PROVIDED MATERIAL:
»»
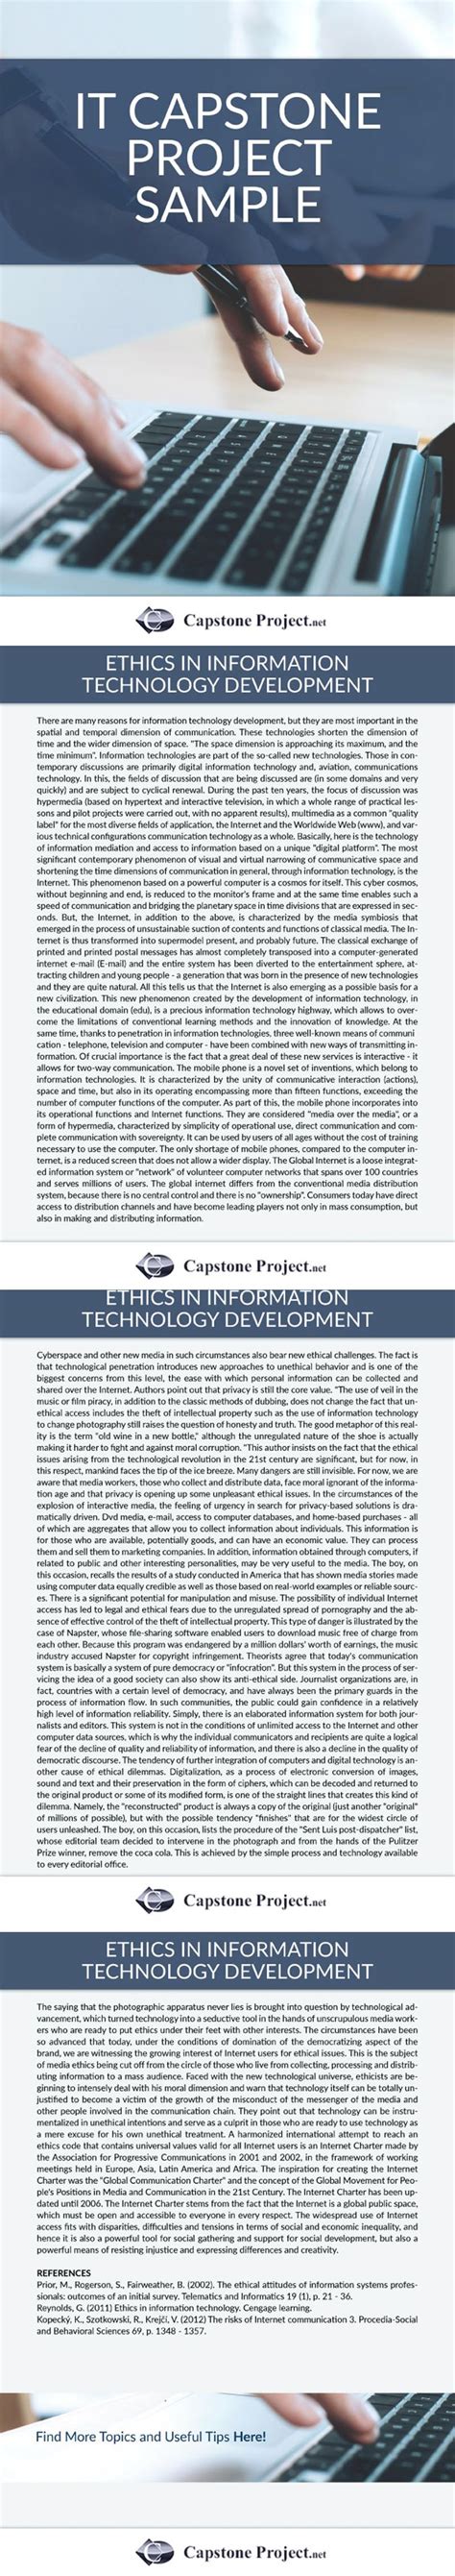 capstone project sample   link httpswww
««
»»
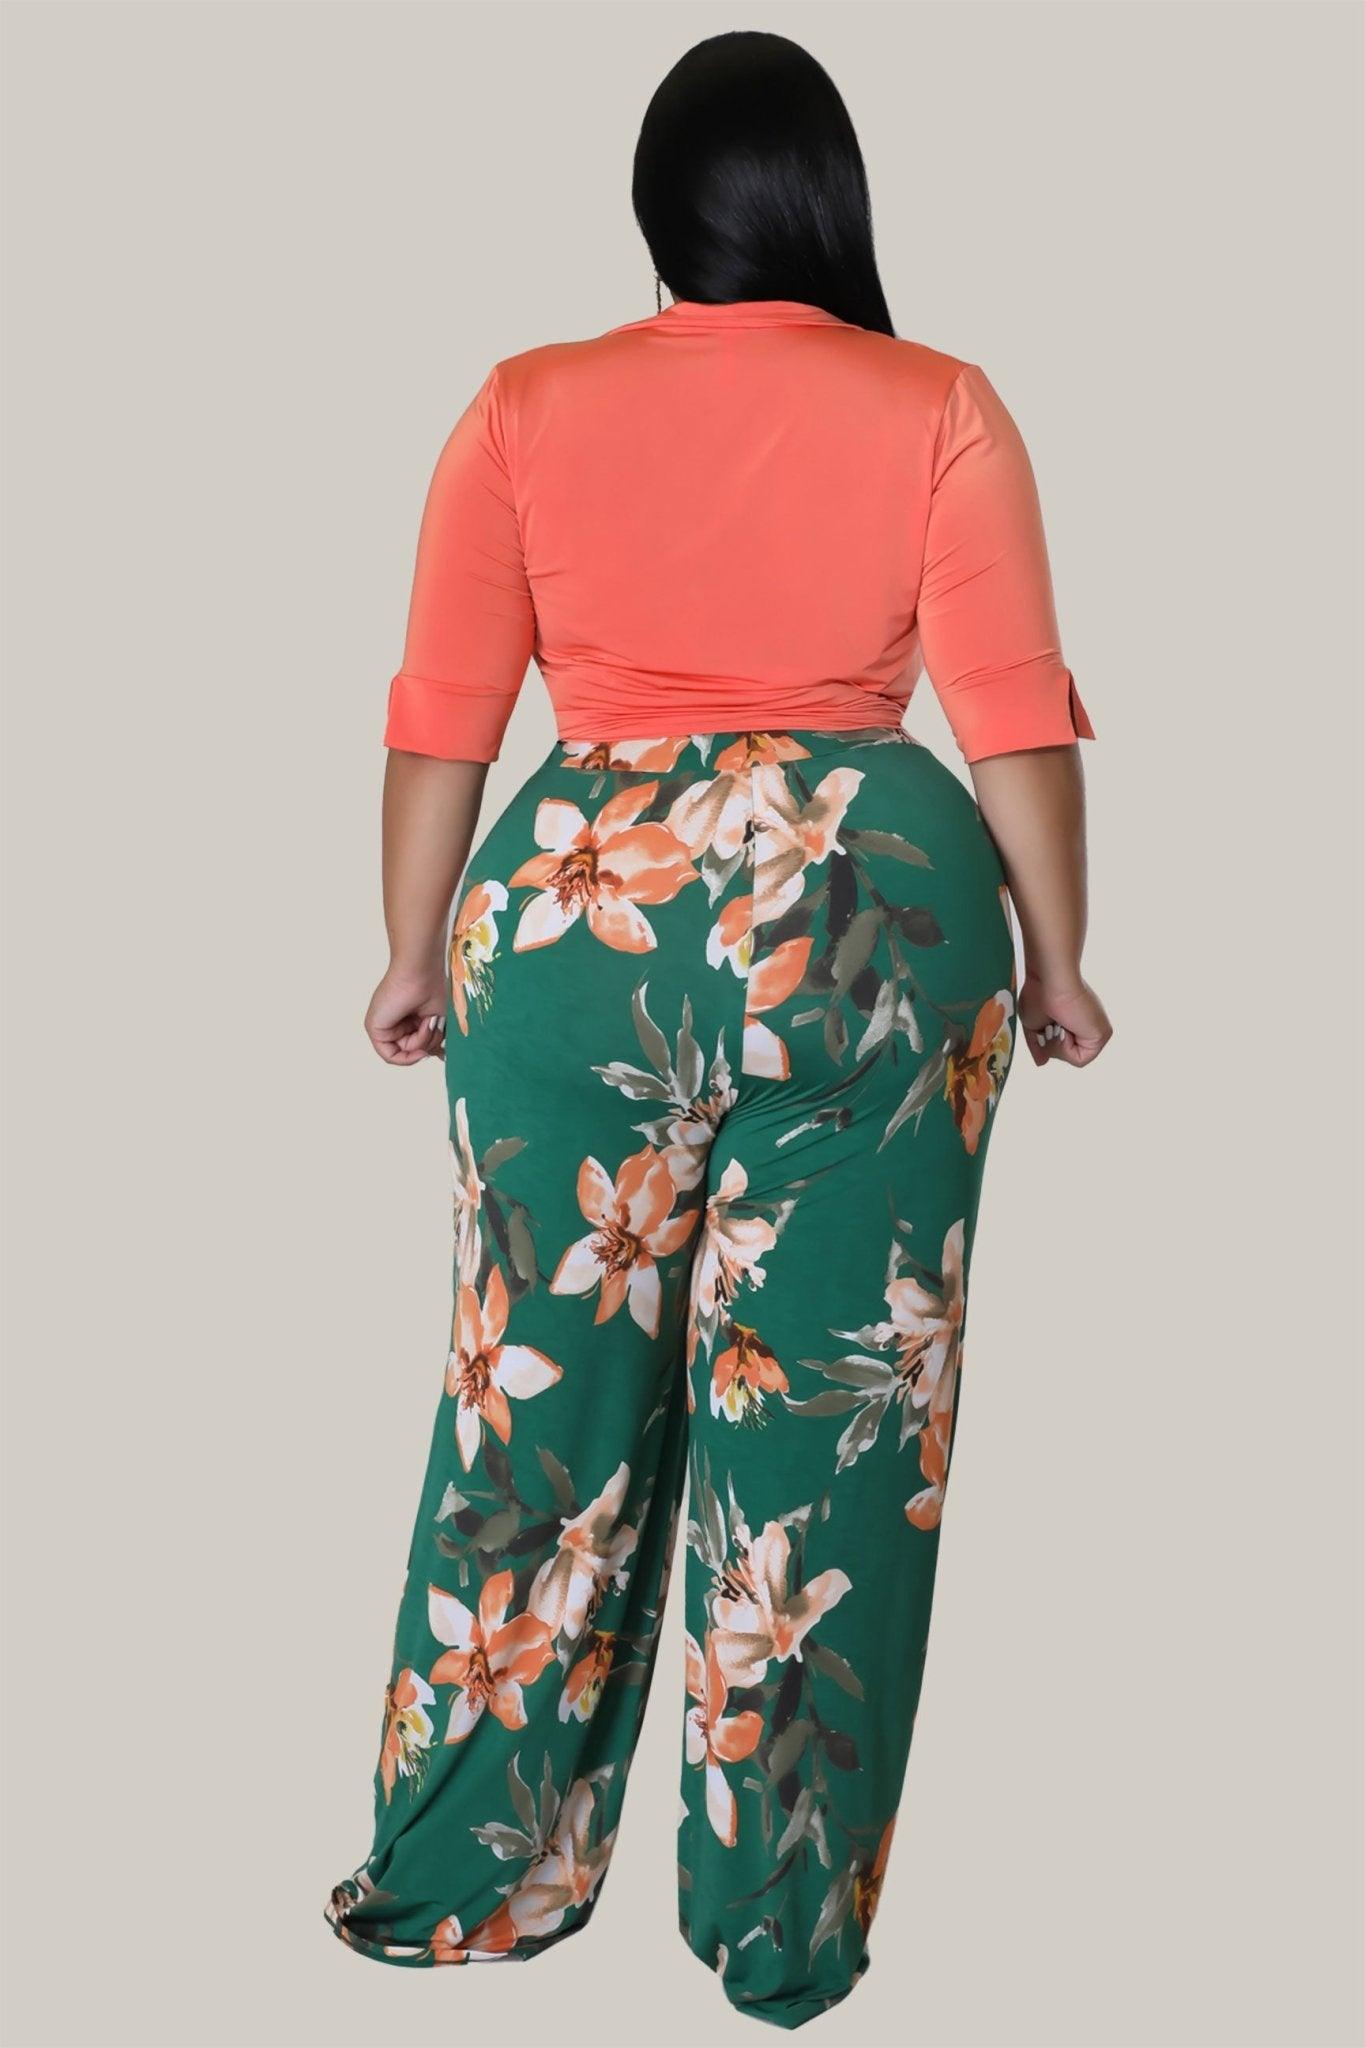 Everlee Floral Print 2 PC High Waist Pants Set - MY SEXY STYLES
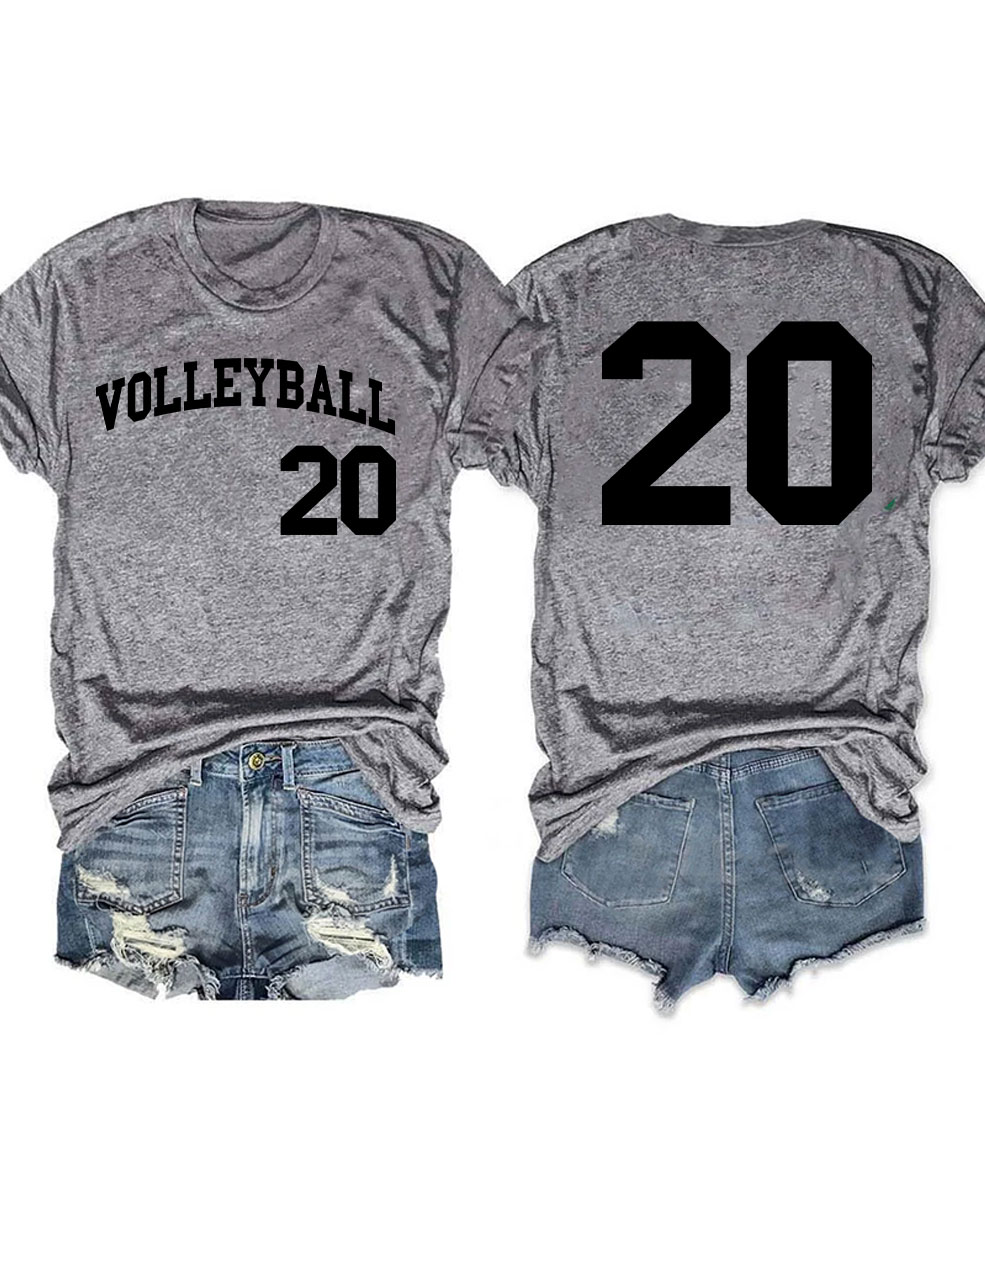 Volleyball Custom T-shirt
««
»»
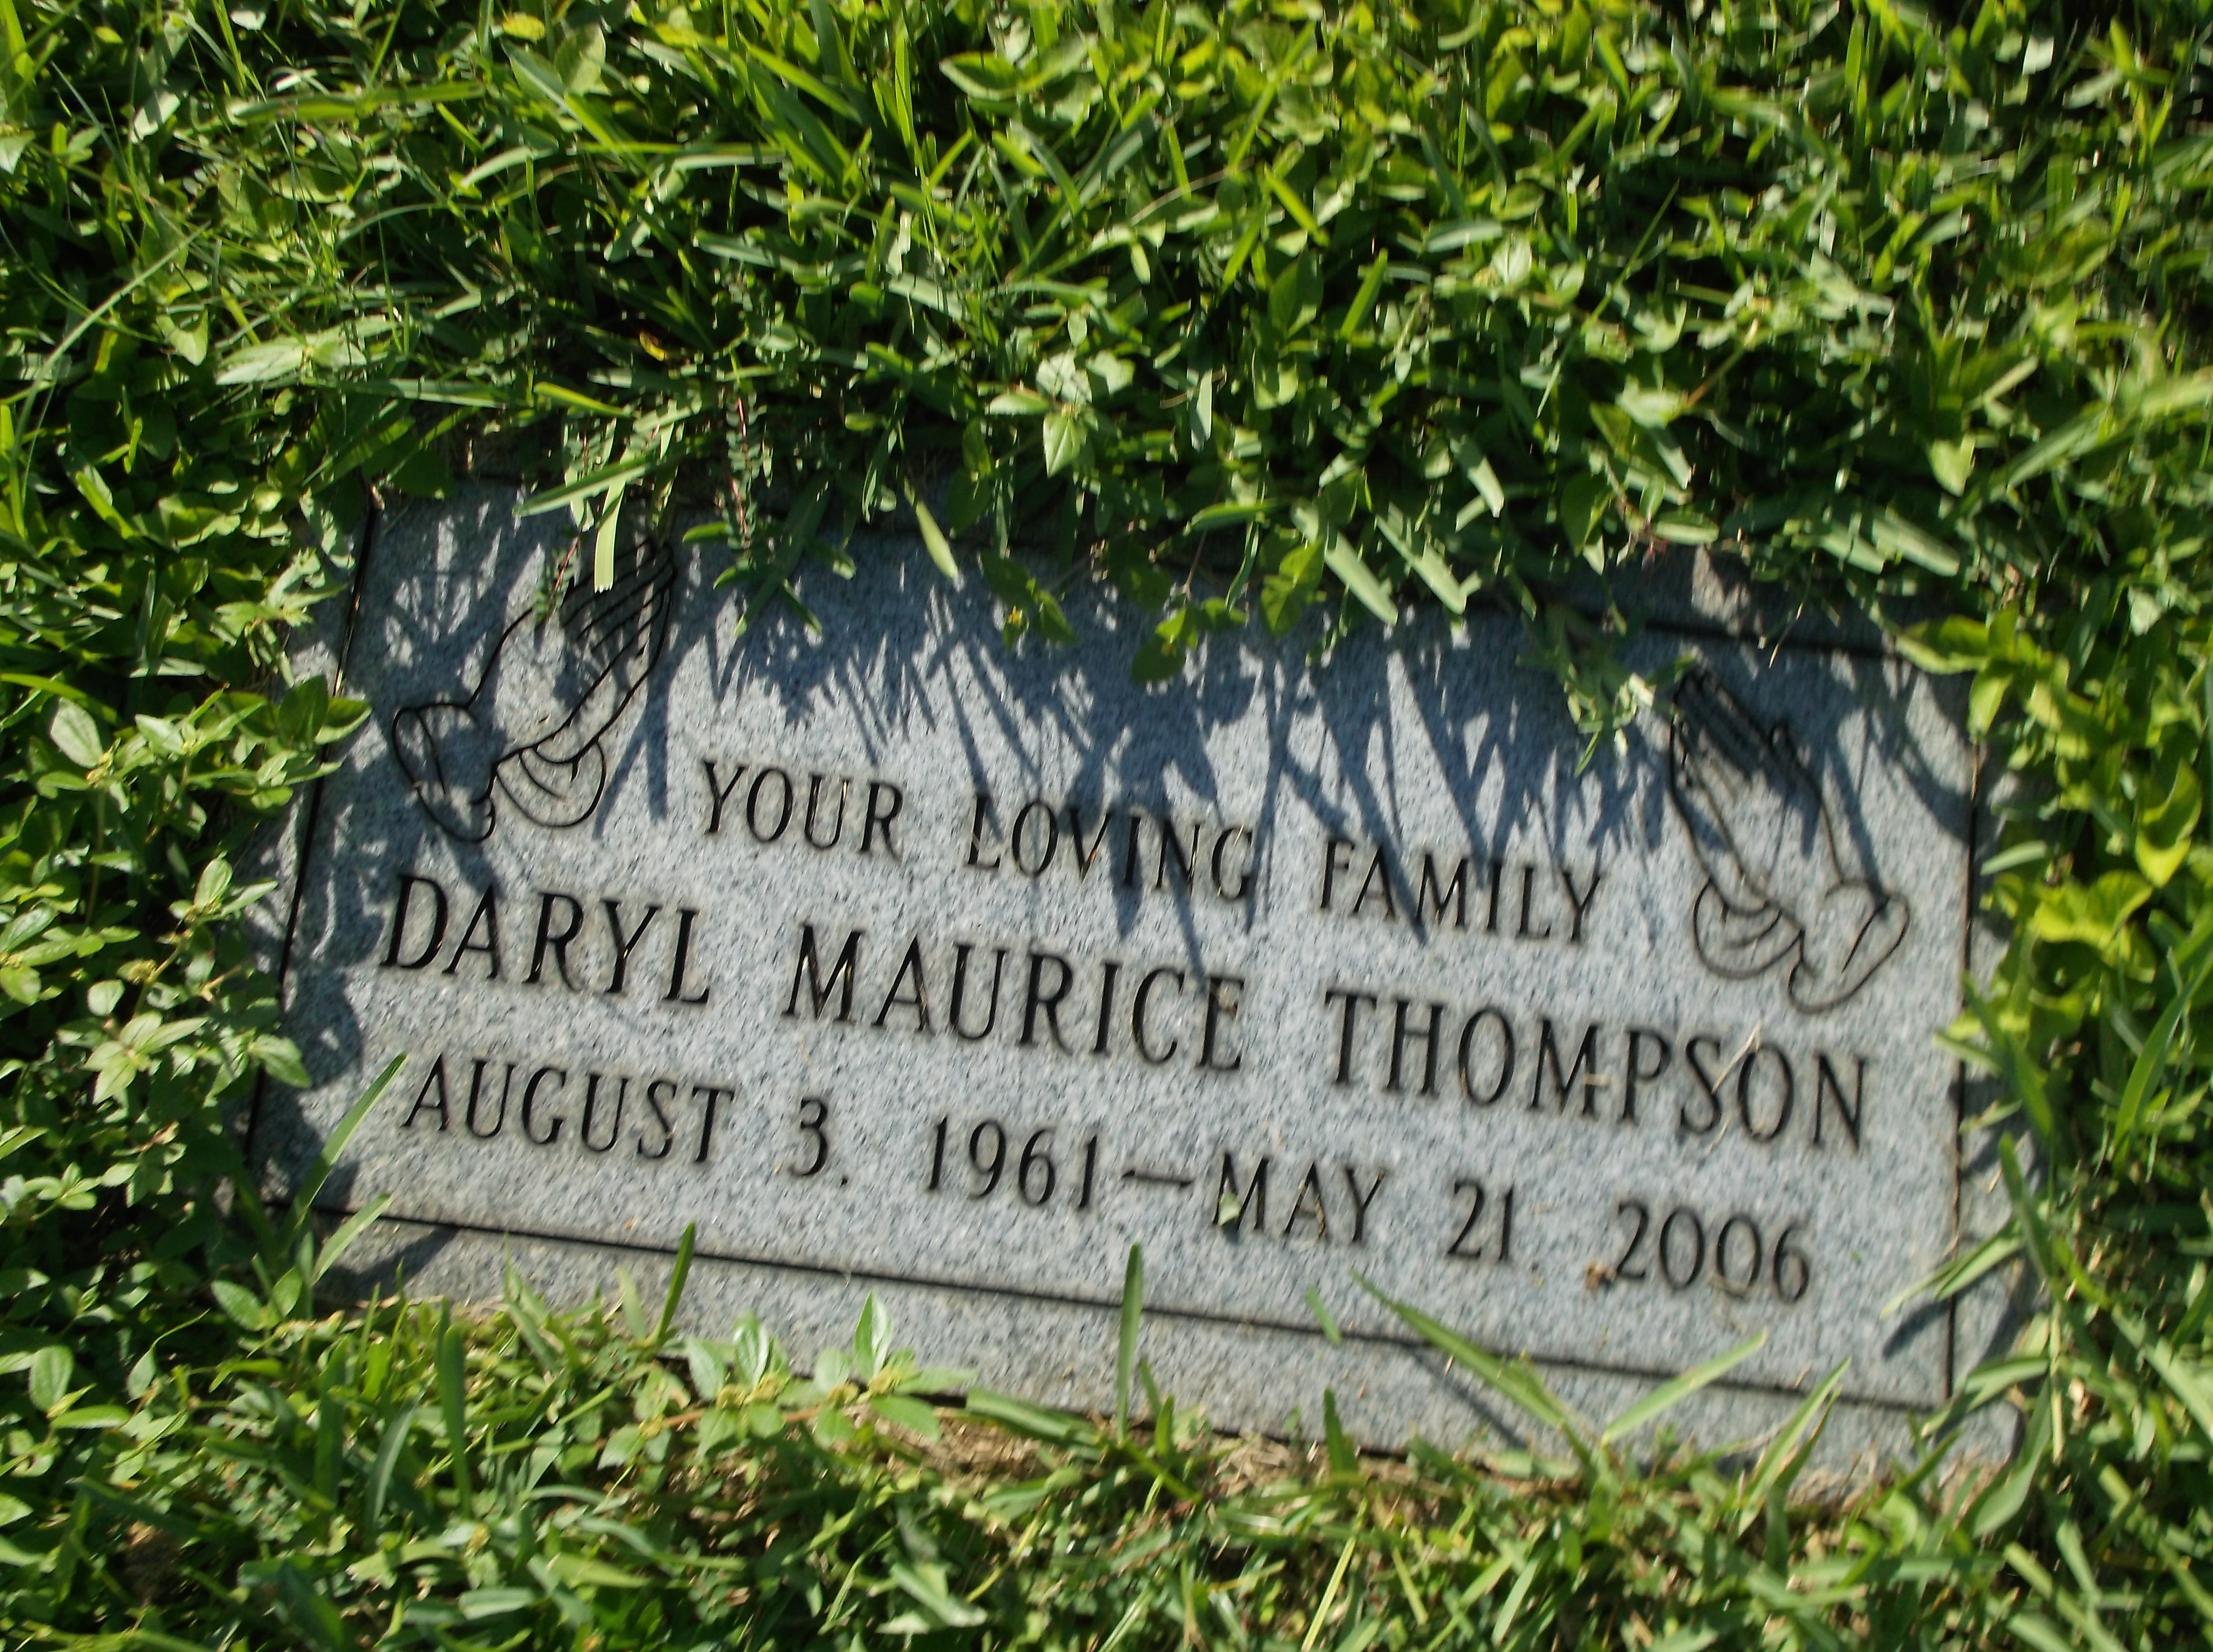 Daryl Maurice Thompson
««
TO DO:
Exactly as written above, retype the lines starting at the one holding "Everlee Floral Print" and ending at the one holding "Volleyball Custom T-shirt", both included, but not the pictures.

SOLVED PROBLEM:
 Everlee Floral Print 2 PC High Waist Pants Set - MY SEXY STYLES
 Volleyball Custom T-shirt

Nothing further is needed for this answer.